# Yay! Ziwipeak rocks! But how much?



## RosieC (Jul 6, 2010)

So after switching Alfie to Acana and then to Orijen I have given up with kibble. He just really doesn't like it and will wait all day until he's starving before he will eat it. TBH I'm not sure I blame him, it looks and smells boring!

So after reading all the reviews I decided to give Ziwipeak a go. It arrived today and so far he LOVES it! Big thumbs up on first impressions! :hello1:

My question is how much should I be feeding him? (as in how many grams total per day). He weighs about 4 lbs 12 oz, give or take, and is moderately active. He has 2 meals per day.
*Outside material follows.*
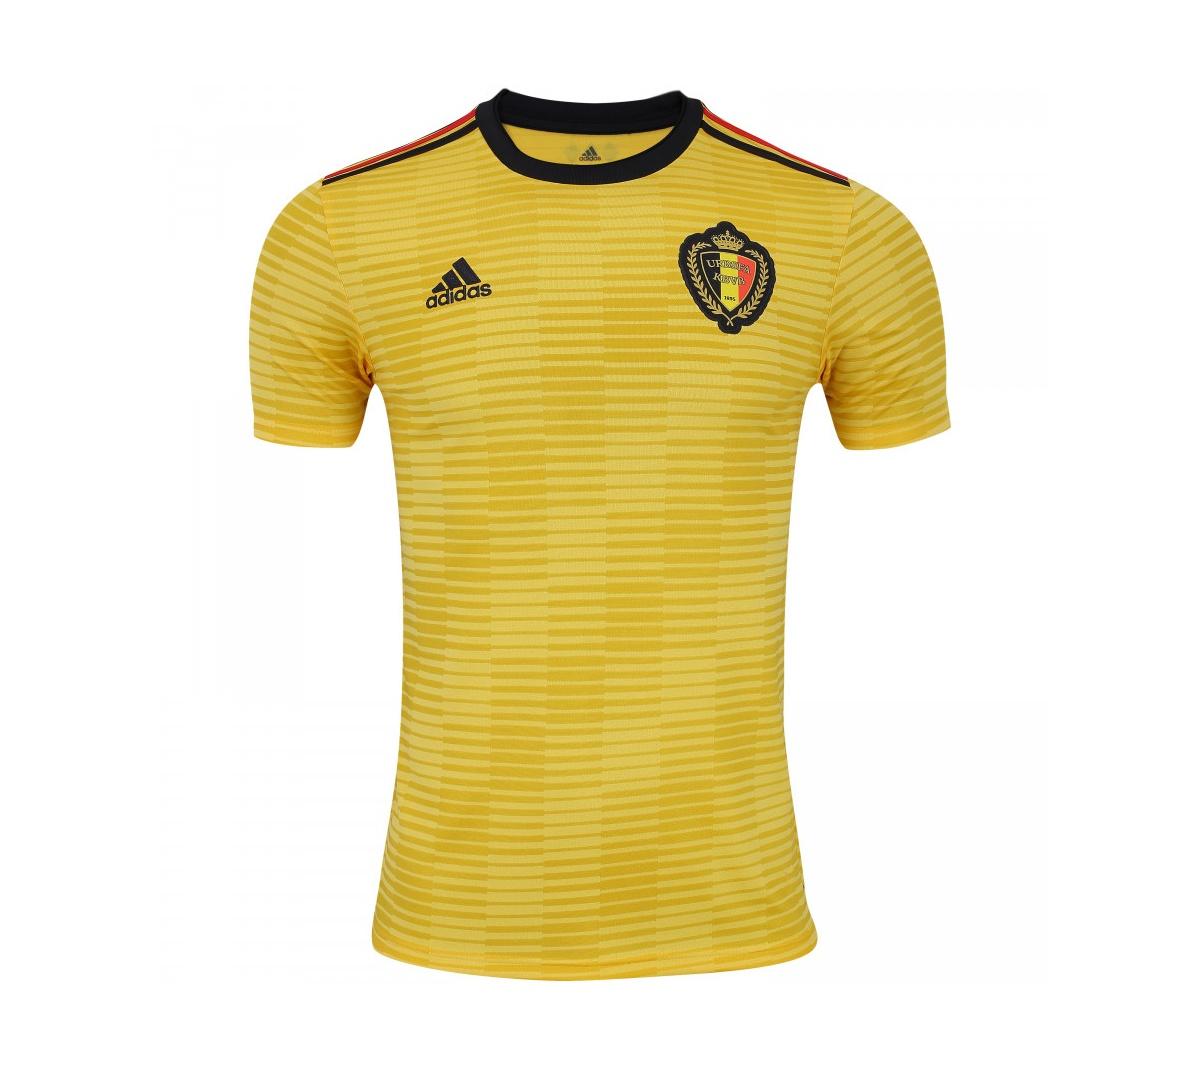 Camisa Adidas Bélgica II 2018 Torcedor Adulto Oficial
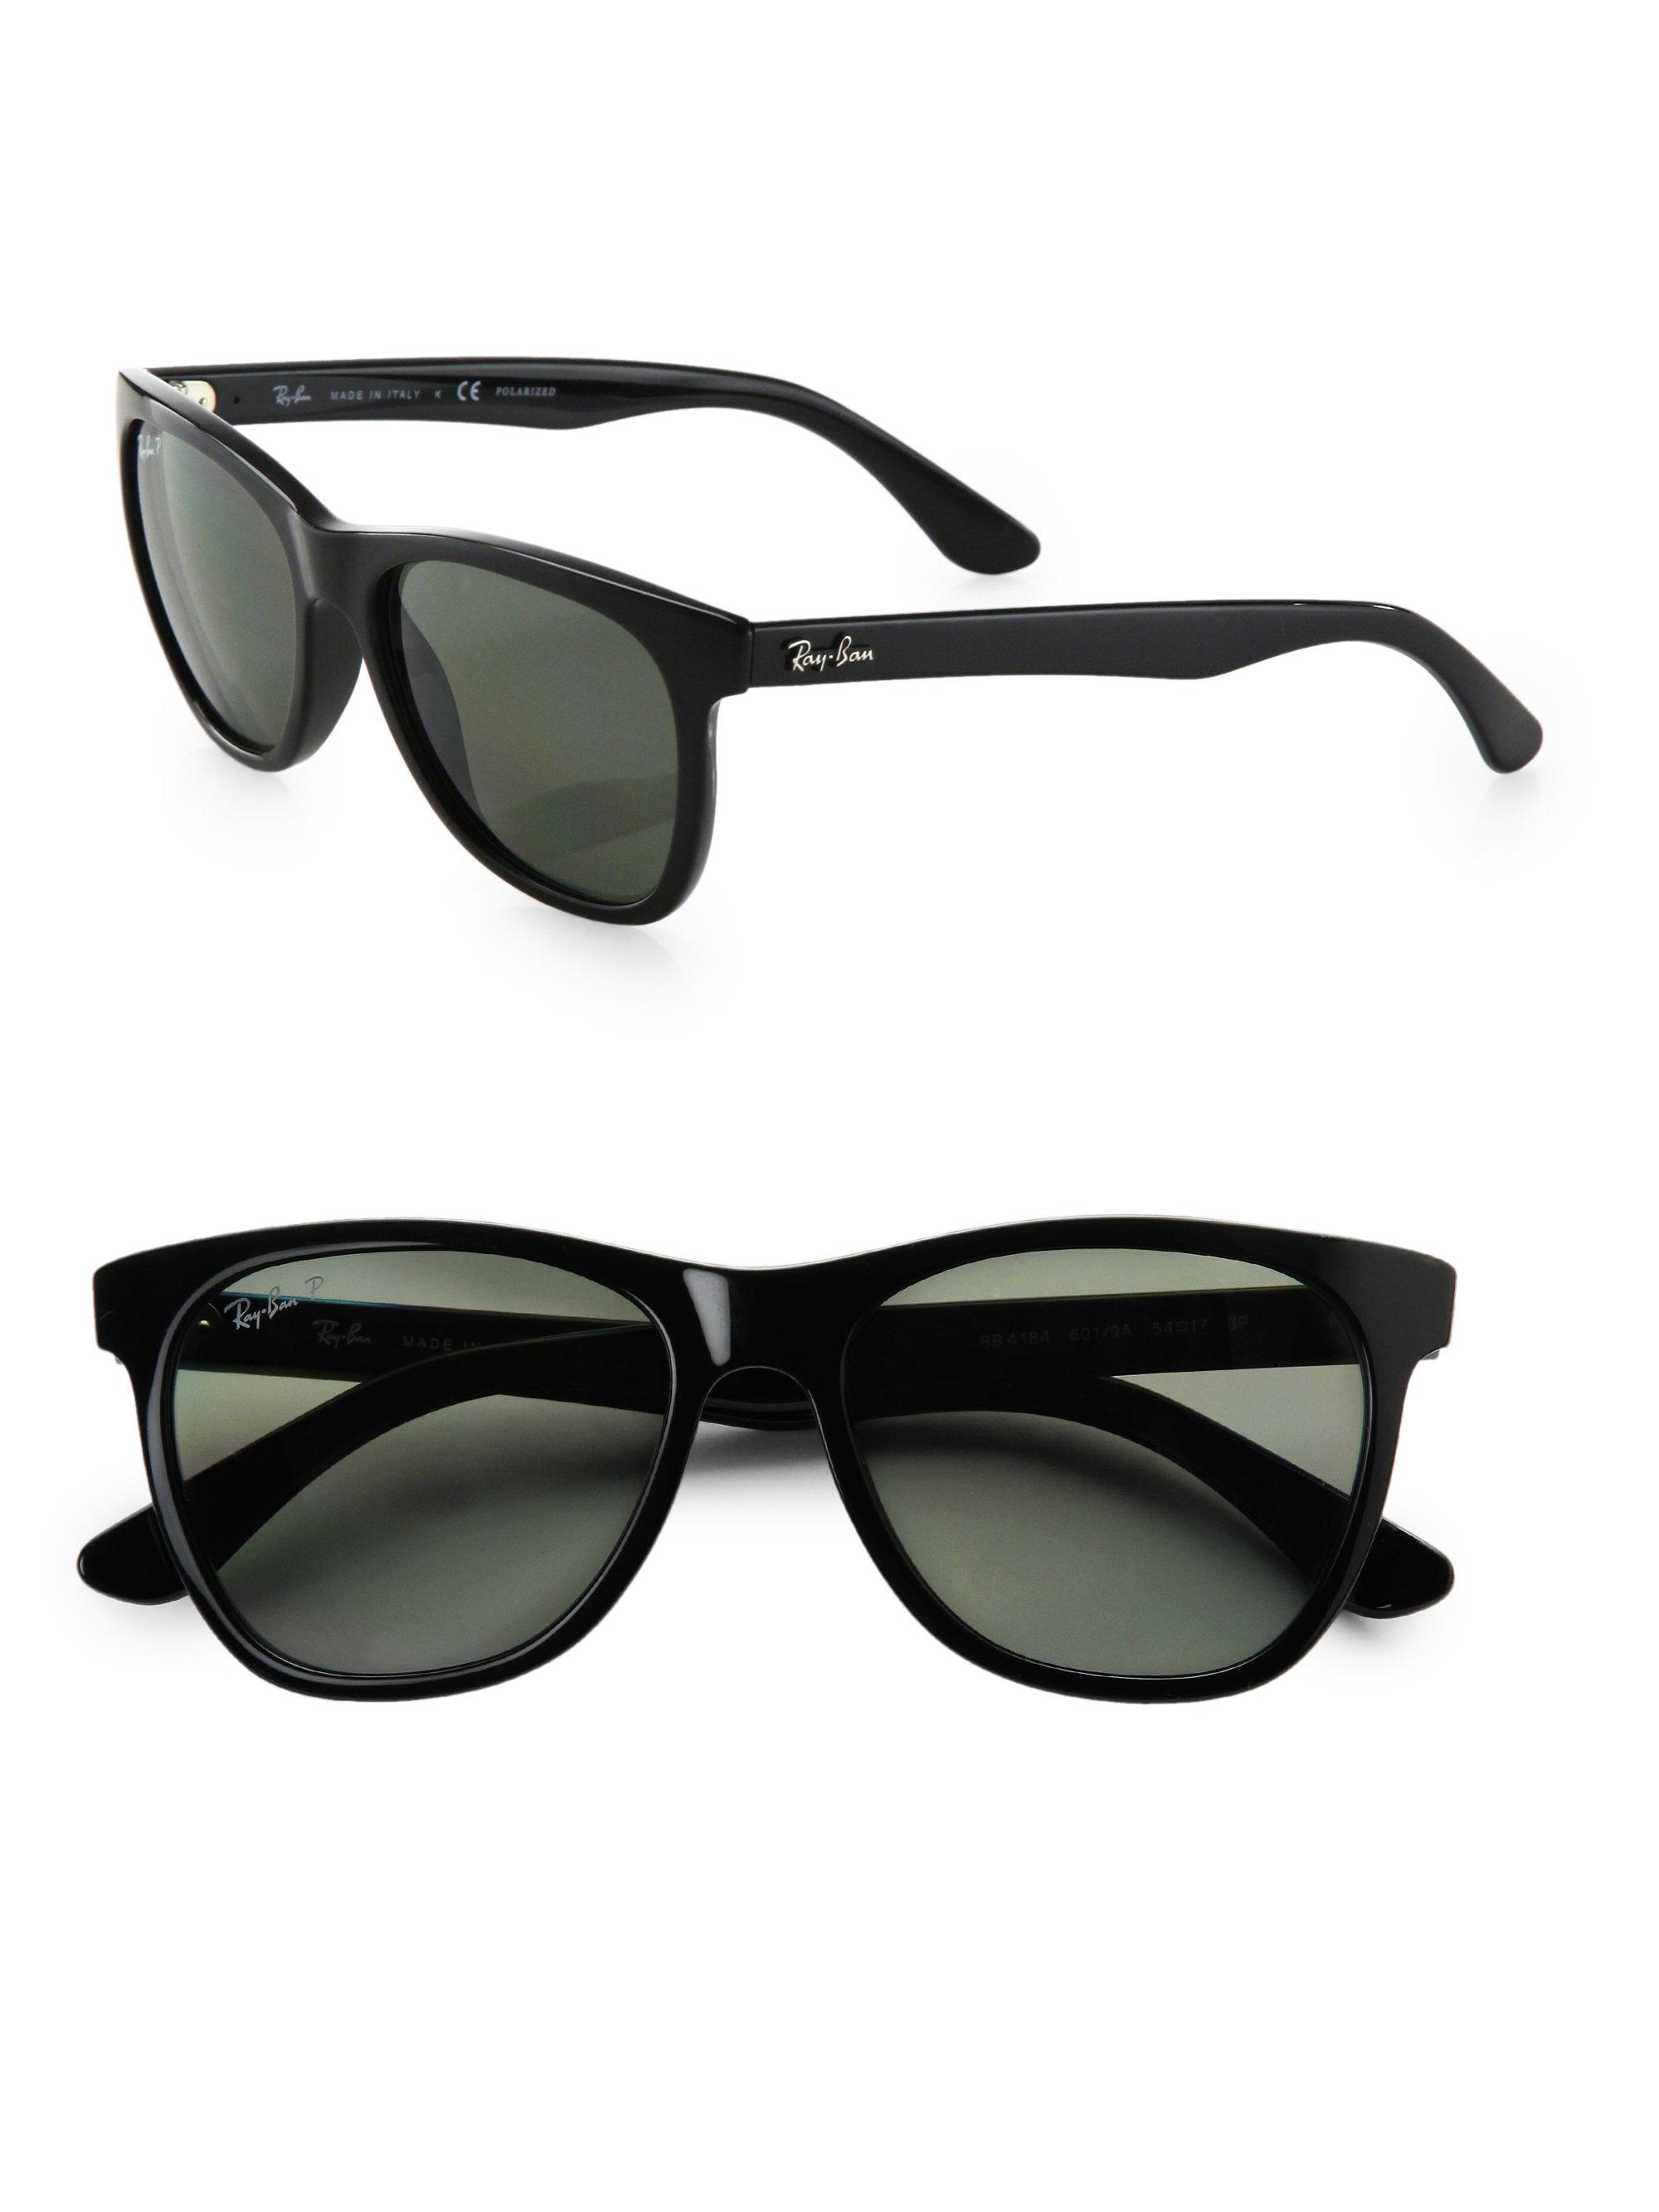 Ray-ban Oversized Plastic Wayfarer Sunglasses in Black | Lyst

I know I can work it out approximately using the guide on the back, but just wanted your experience/advice on how much you feel he would need per day?

Thanks.


----------



## N*T*M*4U (Nov 10, 2008)

I'm feeding all my almost the same.....here is the pictures....I do add a spoon of the Ziwi canned with the food and also a little water.....I do weight them almost everyday and their weight are good ...


----------



## flippedstars (Dec 16, 2009)

Its so sad how little of this food they get  *sniffle*


----------



## N*T*M*4U (Nov 10, 2008)

flippedstars said:


> Its so sad how little of this food they get  *sniffle*


tell me about it......I weight him like every morning cause I'm scare he might lose or gain weight.....lol..

I forgot to mention that I feed the chis 2 times a day.....


----------